Радое тем временем повернулся к Исайло и спросил:

— Скажи ты, ради бога, у вас рожают вдовы через тринадцать месяцев после смерти мужа?

— Ну, это уж чертовщина какая-то! — ответил Исайло. — А ты смекнул, чья это работа, а, староста!

— Кто? Я? — переспросил староста. — Смекнул, конечно, смекнул!

— На то он и староста, — добавил Радое, — чтобы следить, как бы селу срама не было. И батюшка тут для того, чтоб народ не испоганился, не переступал божьих заповедей!

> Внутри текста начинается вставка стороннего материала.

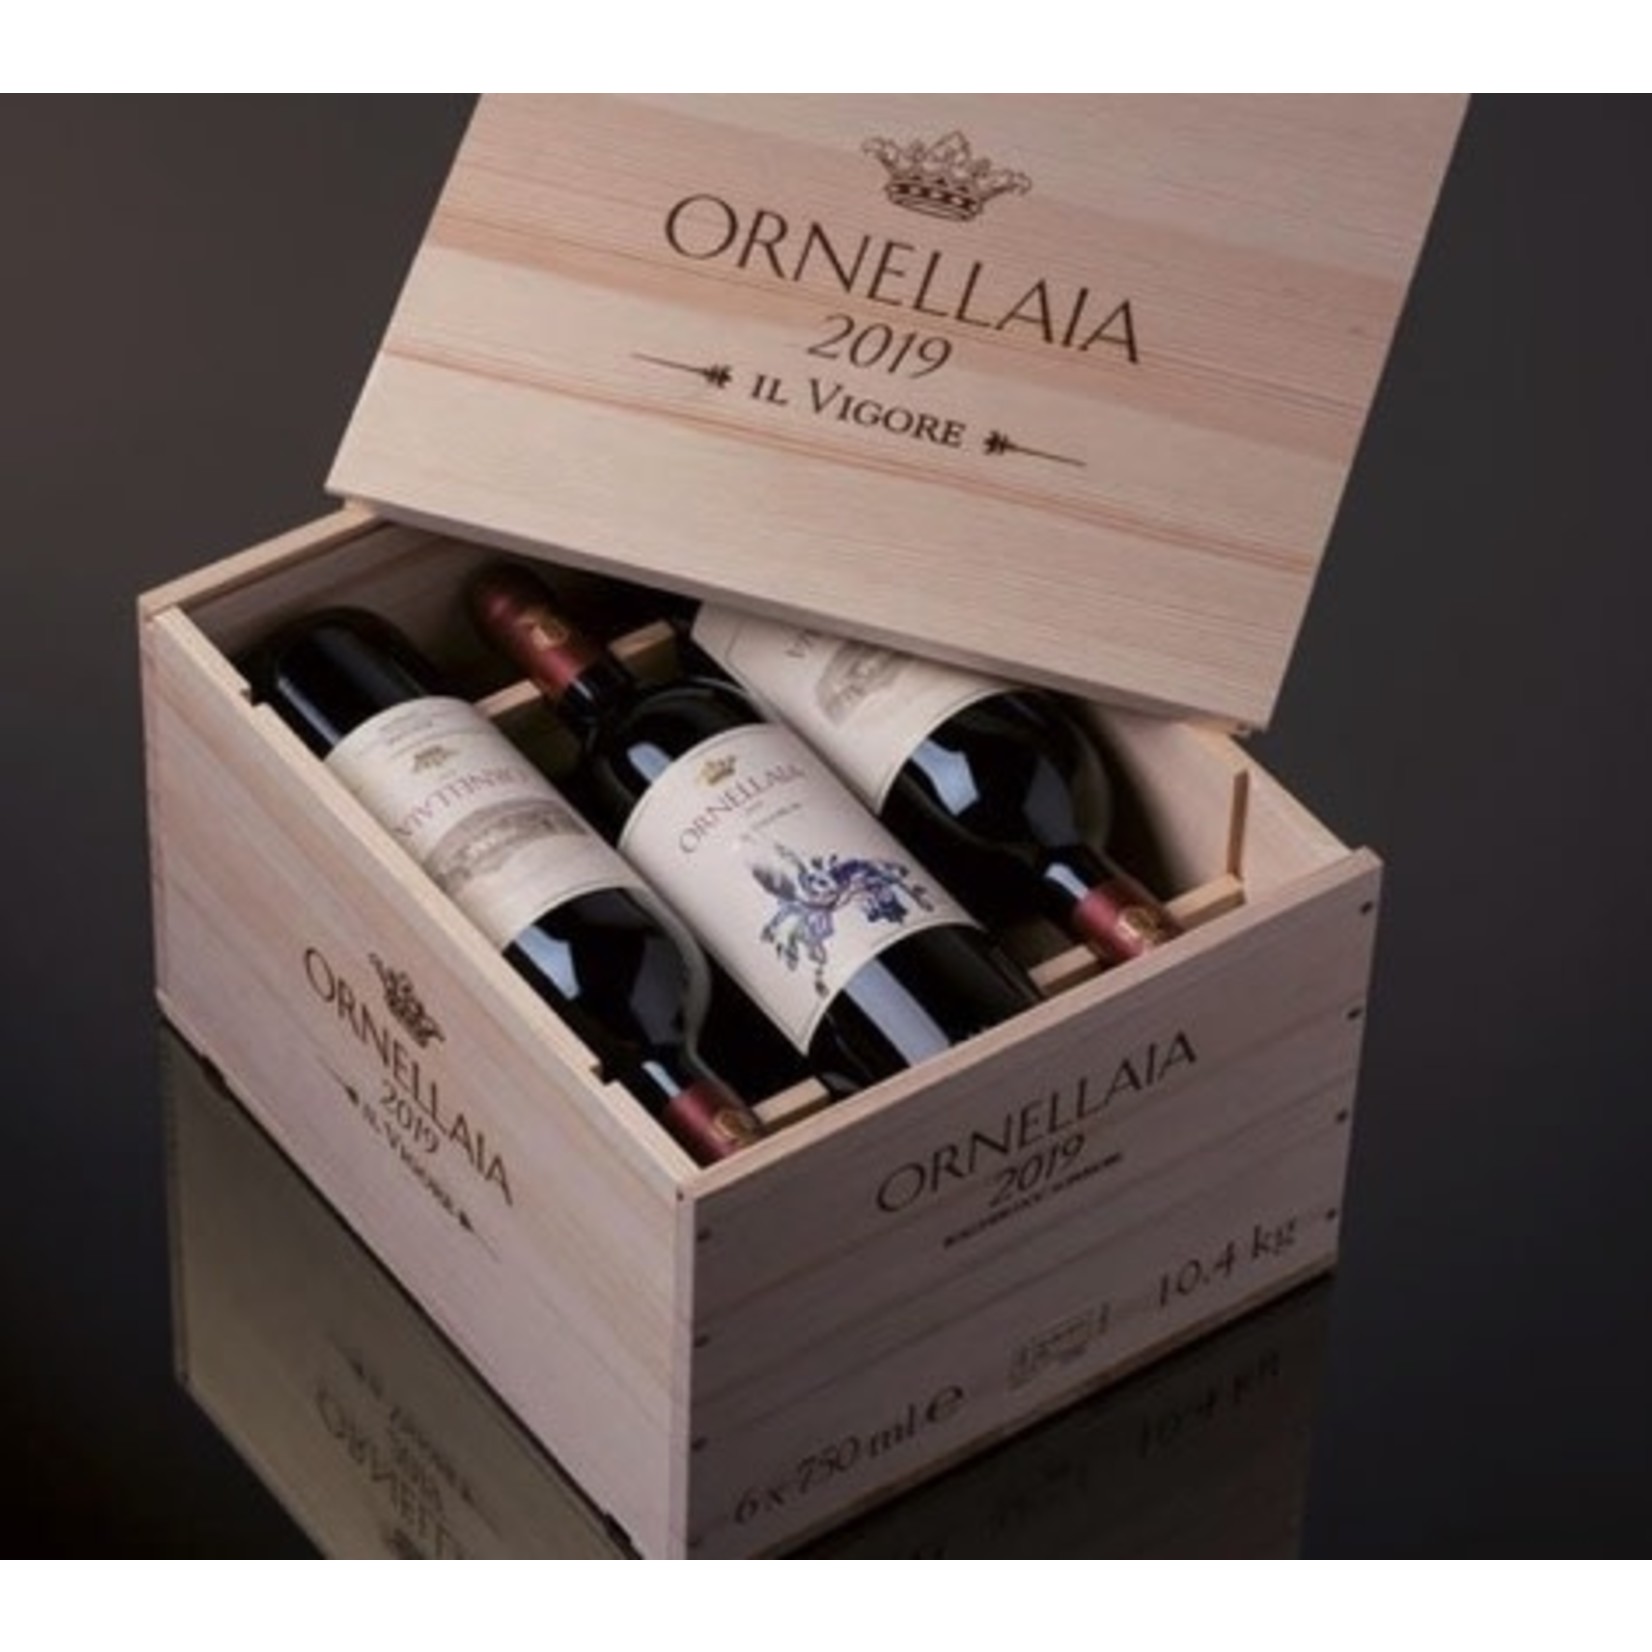 Wine Ornellaia Bolgheri Superiore 2019

А батюшка тем временем думал о том, что не надо ему было именно сегодня говорить в церкви о необходимости сообща трудиться на ниве, оставшейся без хозяина; и еще батюшка думал о том, что староста ужасно глуп: хоть бы что-нибудь сказал, а то молчит как пень; потом батюшка вдруг вспомнил, что церковь и в самом деле надо бы побелить. Мысли эти мелькали у него в голове, и он уже не слышал, о чем еще говорили его собеседники. Очнувшись, он сказал Исайло, старосте из Буринаца:

— Ну, чего мы тут стоим, поговорим у меня дома. Расстроила меня эта штука. Такого в Прелепнице еще никогда не бывало. Пойдем ко мне!

И они пошли. А Радое побежал со своей новостью в кабак, оттуда он направился к колодцу, чтобы поделиться ею с женщинами, потом спустился к мельнице, где тоже всегда был народ, и наконец пошел от калитки к калитке, а там его потянуло в соседнее село…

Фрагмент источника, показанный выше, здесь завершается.